Another major shift in moral framing takes place when INGOs move their activities from the Global South to their home countries. When INGOs primarily worked abroad, most of their donors were satisfied regularly learning about how much good was done. Annual reports were typically glossy and full of heart-warming stories making the case for more donations. But, increasingly, INGOs are more active ‘at home’ because they follow the root causes for major global problems to the wealthy countries. For example, groups engaged in rescuing migrants in the Mediterranean can no longer maintain traditional humanitarian neutrality and instead become more directly involved in domestic politics (Rieff, 2019). In Germany, organizations like Attac and Campact, which have taken on the climate crisis and global inequality with innovative advocacy strategies, have lost their public benefit status because their activities were deemed “too political” by tax authorities. As INGOs become more directly engaged in the politics of their home countries, their normative legitimacy is subject to greater scrutiny. While INGOs in the past operated far away from those capable of scrutinizing their work, they are now much at risk of being perceived as operating outside of the normative and regulatory frame set by public expectations as well as nonprofit laws and regulations.      

Cognitive Legitimacy: Are INGOs Still Needed?

Profound changes in how INGOs operate and frame their actions have fundamentally shifted perceptions of their legitimacy. For some critics, they have changed too much and no longer do what their original (and rightful) purpose was. For others, they have not moved fast enough in embracing new strategies and roles. As a result, INGOs face the loss of the kind of taken-for-grantedness that provides the most basic foundation for their legitimacy.
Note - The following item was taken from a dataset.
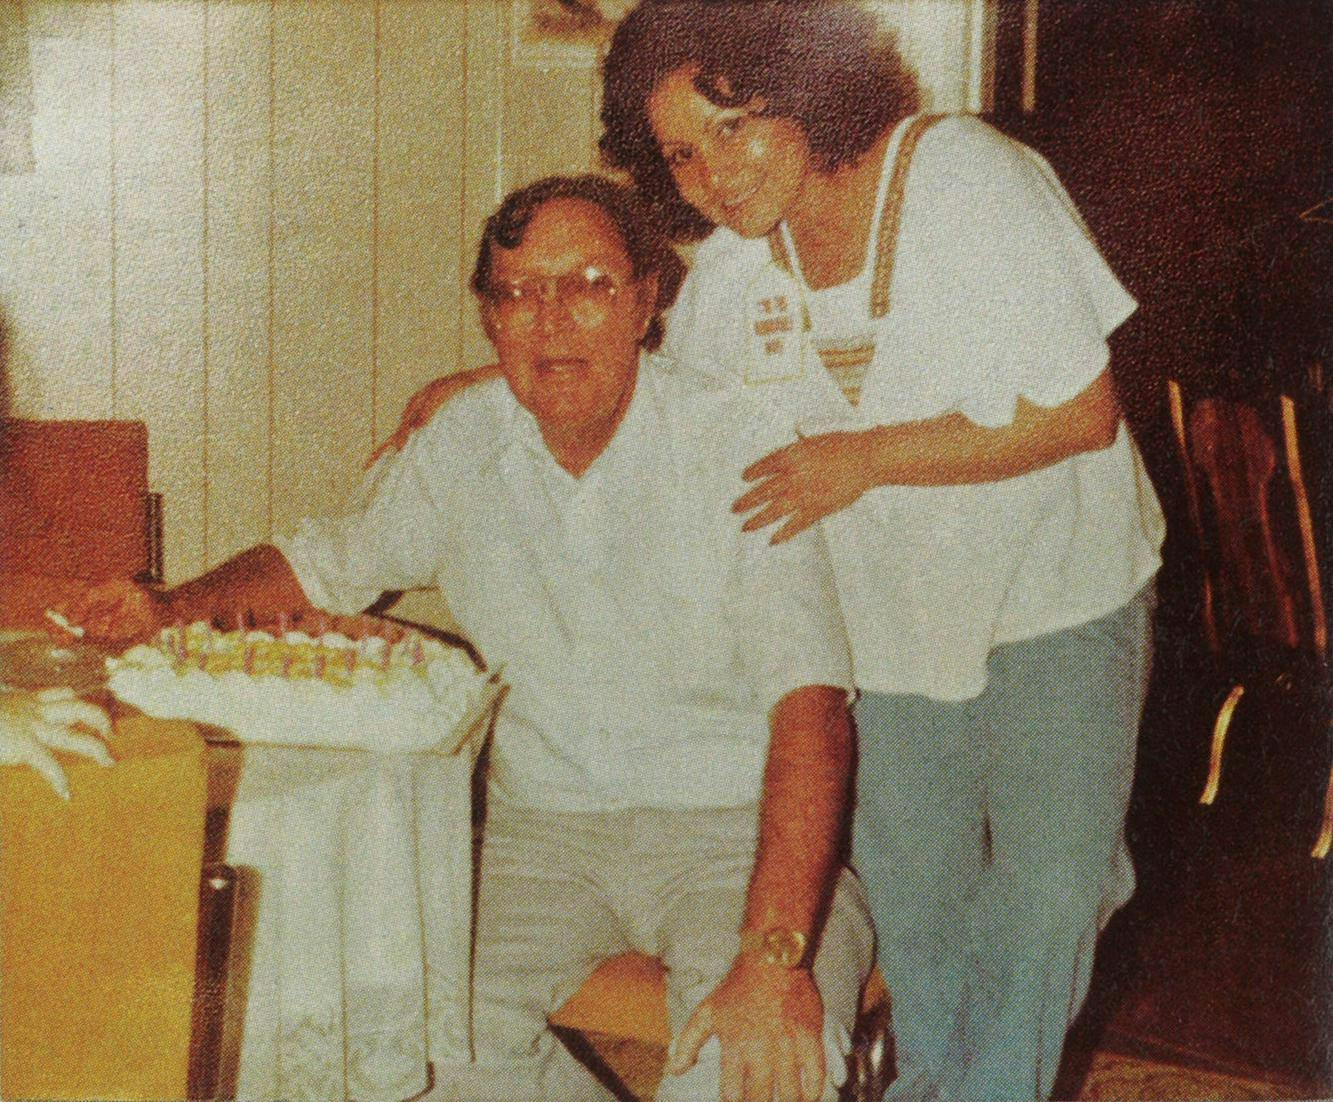 Bill Haley and Martha celebrate their wedding in Harlingen in 1980.

For many donors, digital competitors such as or GiveDirectly have become credible alternatives to ‘brick-and-mortar’ INGOs, especially since these new players promise a more efficient use of resources and to ‘cut out the middlemen’.

The challenge many INGOs face is that their principled attitude expressed in lofty missions regularly clashes with the internal and external pressures at play when the organization tries to implement its mission (Ossewaarde et al., 2008). In addition, outdated legal and regulatory frameworks often contradict the expanding missions and strategic innovations of the sector (Mitchell et al., 2020). While humanitarian, development, and human rights NGOs have in the past primarily been reactive in responding to needs, crises, or violations, their ambitions of proactively eliminating root causes have now evolved beyond the long-existing public expectations of taking on what no one else wants to see or address. What defined INGO success in the past was often the simple commitment to take on major global issues without necessarily solving them (Seibel, 1996).

Various critics of the sector want INGOs to go back to a primarily charitable focus or at least become authentic again by being small and less corporate. Such a move would certainly solve many of the current legitimacy challenges, but it would also require many organizations to tone down their ambitions and fall well short of any capacity to credibly address global problems. However, the shifts described in this article all offer new, powerful sources of legitimating INGOs, including actually accomplishing missions or being truly responsive to those they serve. This suggests that it may be more useful to take stock of the accelerating changes affecting the sector and its strategic innovations to construct more appropriate legal and regulatory frameworks capable of legitimizing a range of service, advocacy, and community-building activities (Anheier et al., 2019). Within such modified frameworks, INGOs would face more productive incentives designed to maintain public trust and legitimacy.